Date of Award: October 2, 1945
Conflict: World War II
Branch: U.S. Navy
In April, 1944, a patrol of the 1st Marine Division attempted to seize a low seaside hill in Okinawa, Japan. The Japanese sent a hailstorm of small arms and mortar rounds onto the Marines, killing or wounding the majority. Spotting a seriously wounded patrol leader lying in a shell hole, Bush ran to him and immediately administered serum albumin. The treatment revived the officer, who suddenly sprang from the hole and ran for the American lines.

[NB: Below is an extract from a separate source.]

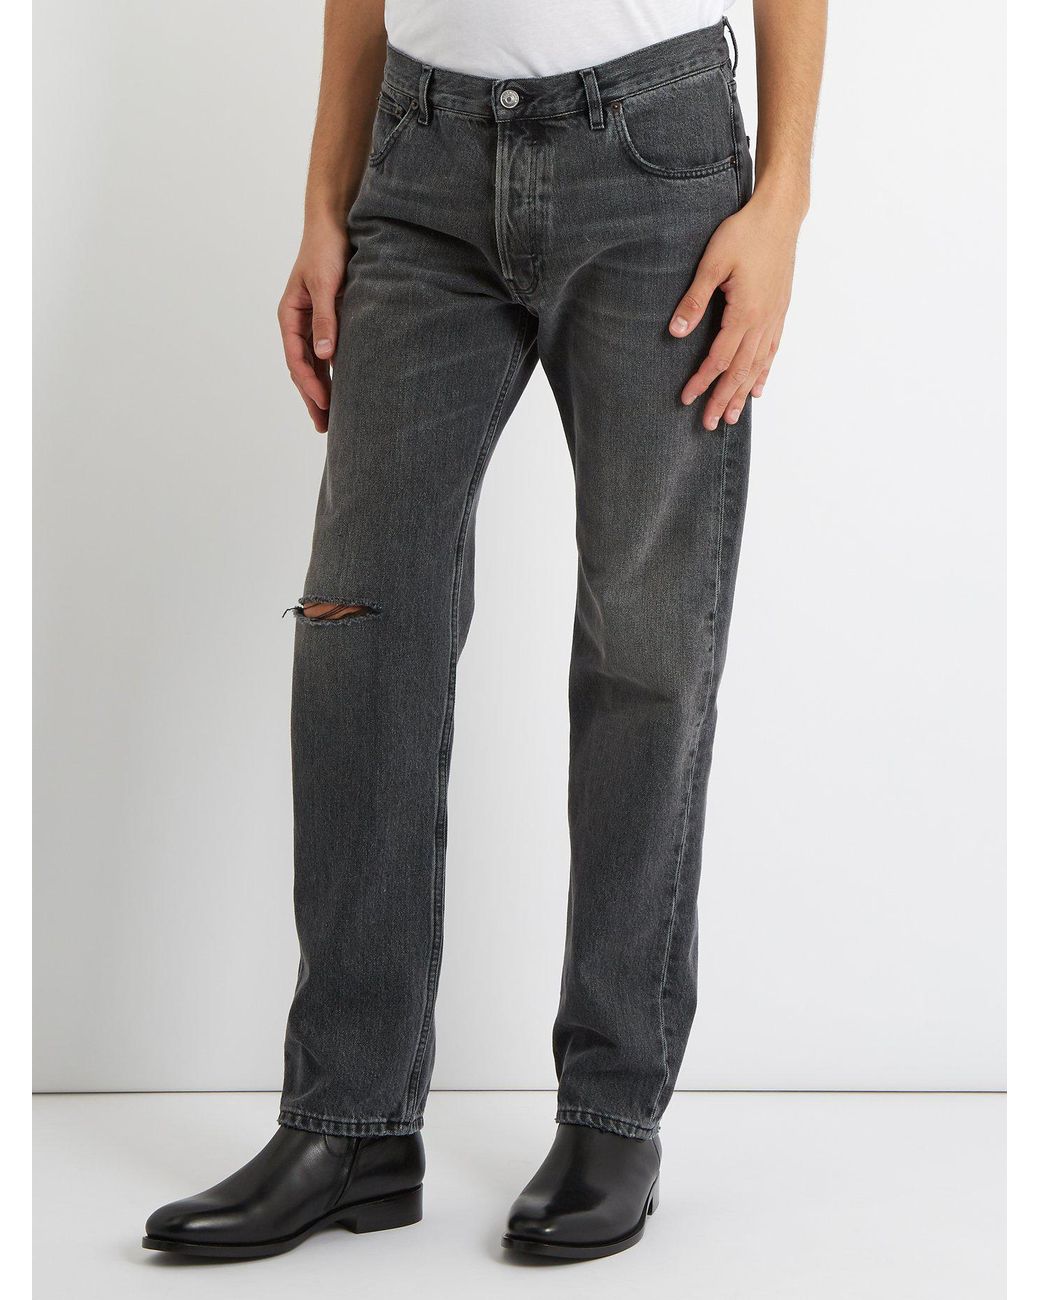 Balenciaga Archetypes Distressed Straight Leg Jeans in Gray Lyst
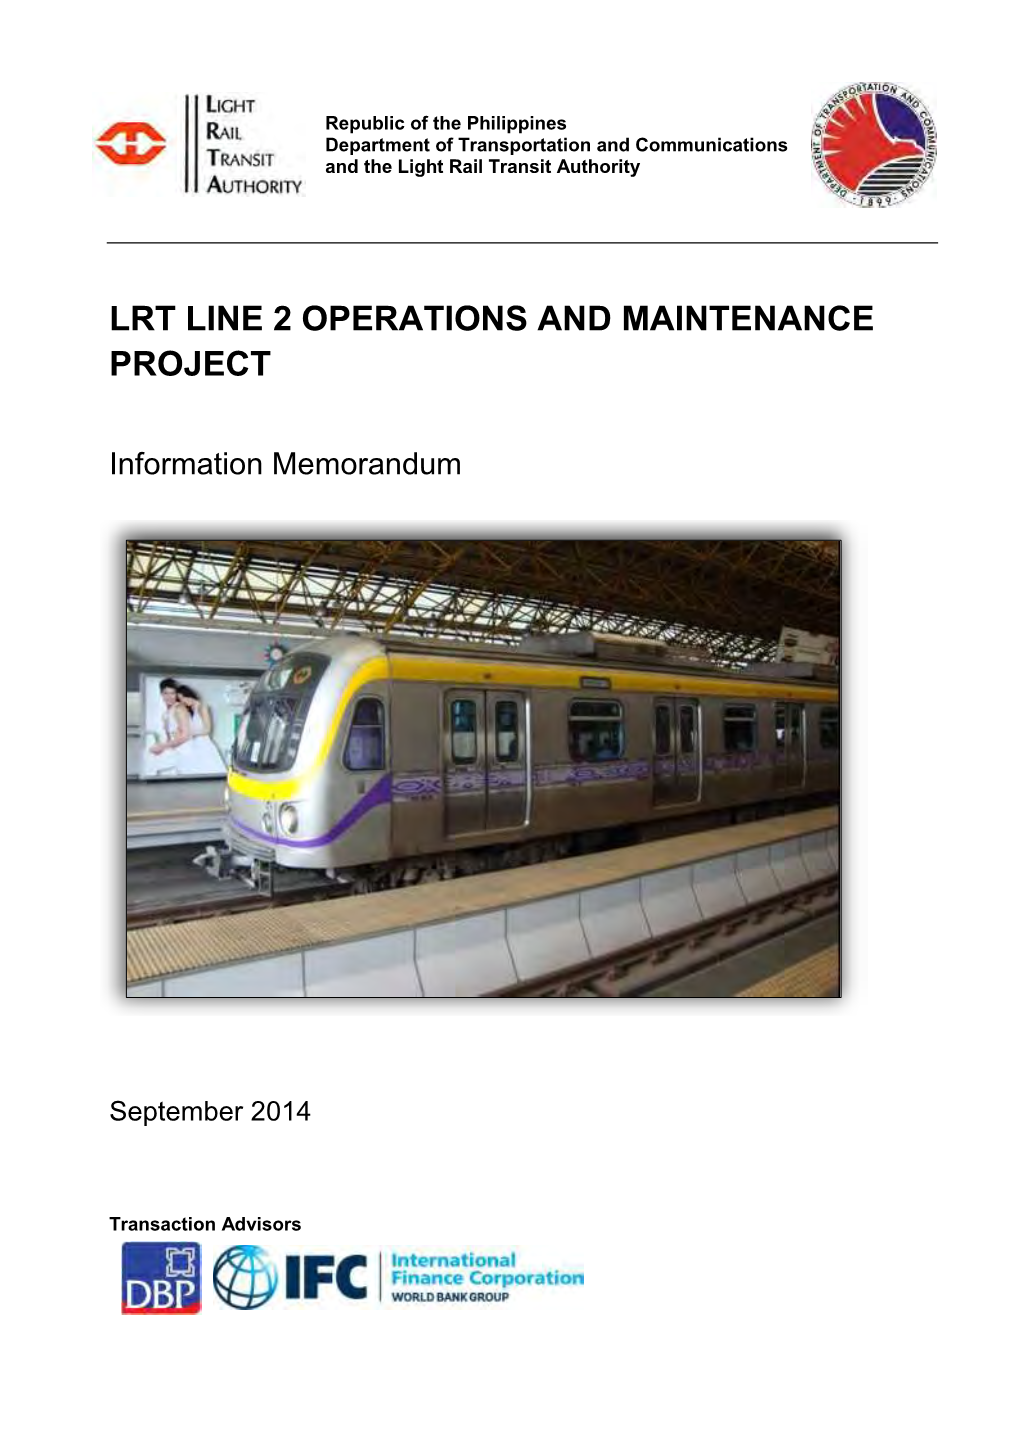 LRT Line 2 Operations and Maintenance Project Information Memorandum September 2014

Now alone in the shell hole, Bush had the officer’s carbine and 45 rounds of ammunition as his best resources in a battle of survival. For a few terrifying minutes the hospital apprentice kept the Japanese at bay. Then the enemy began throwing grenades. The first shattered his left arm, puncturing a lung and blinding him in the right eye, and others wounded him in the stomach and back. Bush moved around the hill firing the carbine, then emptying his .45 caliber pistol at the enemy before throwing it away. He took down four more Japanese with a fallen comrade’s carbine, before finally securing his escape route.
Citation: “In this perilously exposed position, he resolutely maintained the flow of life-giving plasma. With the bottle held high in one hand, Petty Officer Bush drew his pistol with the other and fired into the enemy's ranks until his ammunition was expended.”